Related tangent: it's remarkable to me how a given jpeg can be literally visually indistinguishable from another (by a human on a decent monitor) yet consist of 10-15% as many bytes. I got pretty deep into web performance and image optimization in the late 2000s and it was gratifying to have so much low-hanging fruit.
> Still, you can do an initial bandwidth probe and then look for increasing transmission latency as a sign that the network is congested. Back off your bitrate (and if needed reduce frame rate to maintain sufficient quality) until transmission latency starts to decrease again.

They said playing around with bitrate didn't reduce the latency; all that happened was they got blocky videos with the latency remaining the same.

I am almost sure that the most perfect solution would involve using a video codec protocol but the issue is implementation complexity and having to implement a production encoder yourself if your usecase is unusual.

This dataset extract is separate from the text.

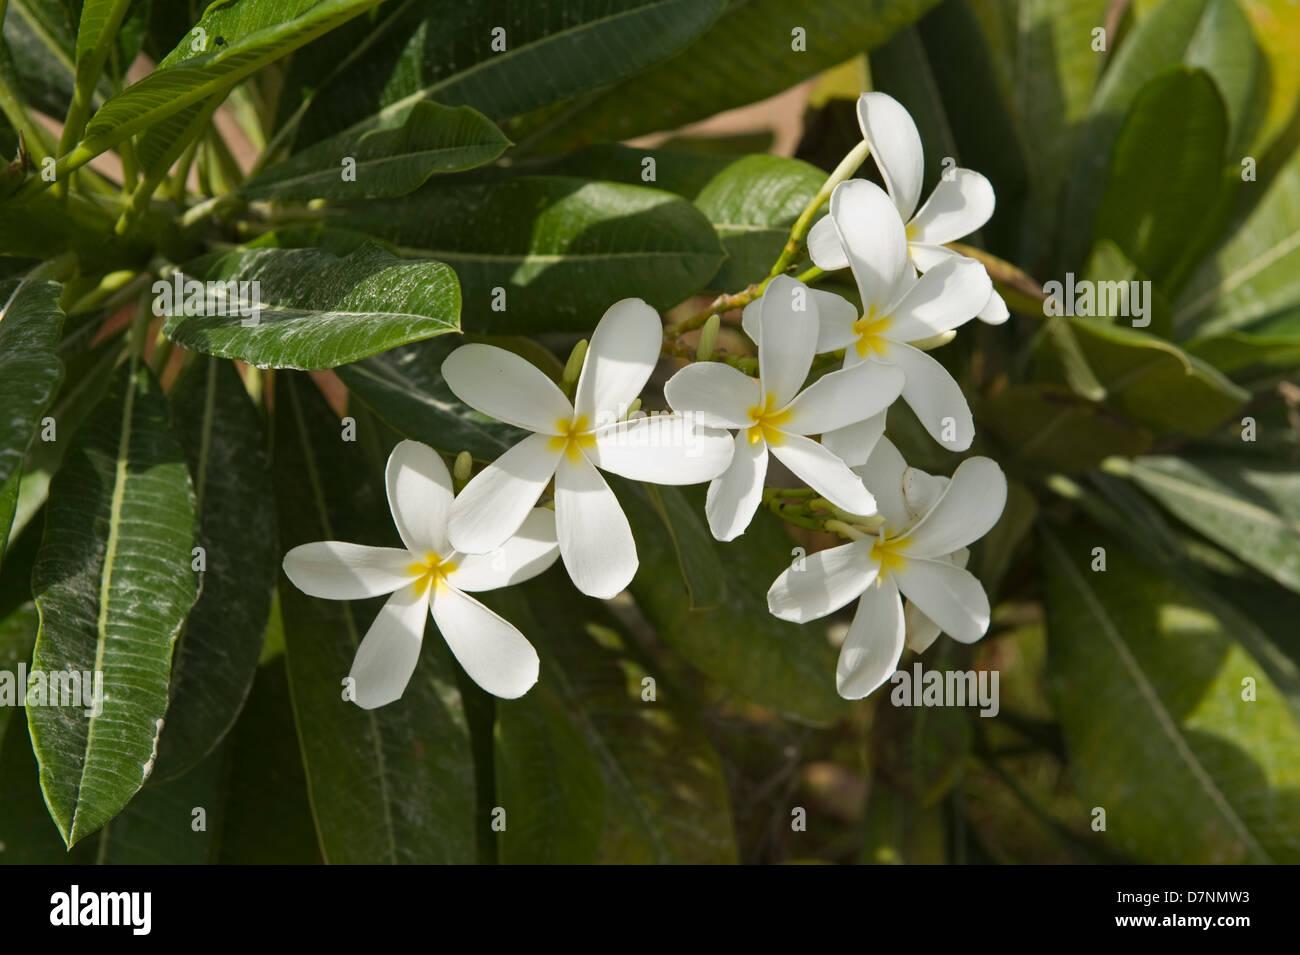 Bianco, plumeria Plumeria Alba, fiori e foglie polverose, Abu Dhabi Immagini Stock

This is exactly the point of the article they tried keyframes only but their library had a bug that broke it

Regarding the encoding efficiency, I imagine the problem is that the compromise in quality shows in the space dimension (aka fewer or blurry pixels) rather than in time. Users need to read text clearly, so the compromise in the time dimension (fewer frames) sounds just fine.
Nothing stopping you from encoding h264 at a low frame rate like 5 or 10 fps. In webRTC, you can actually specify how you want to handle low bitrate situations with degredationPreference. If set to maintain-resolution, it will prefer sacrificing frame rate.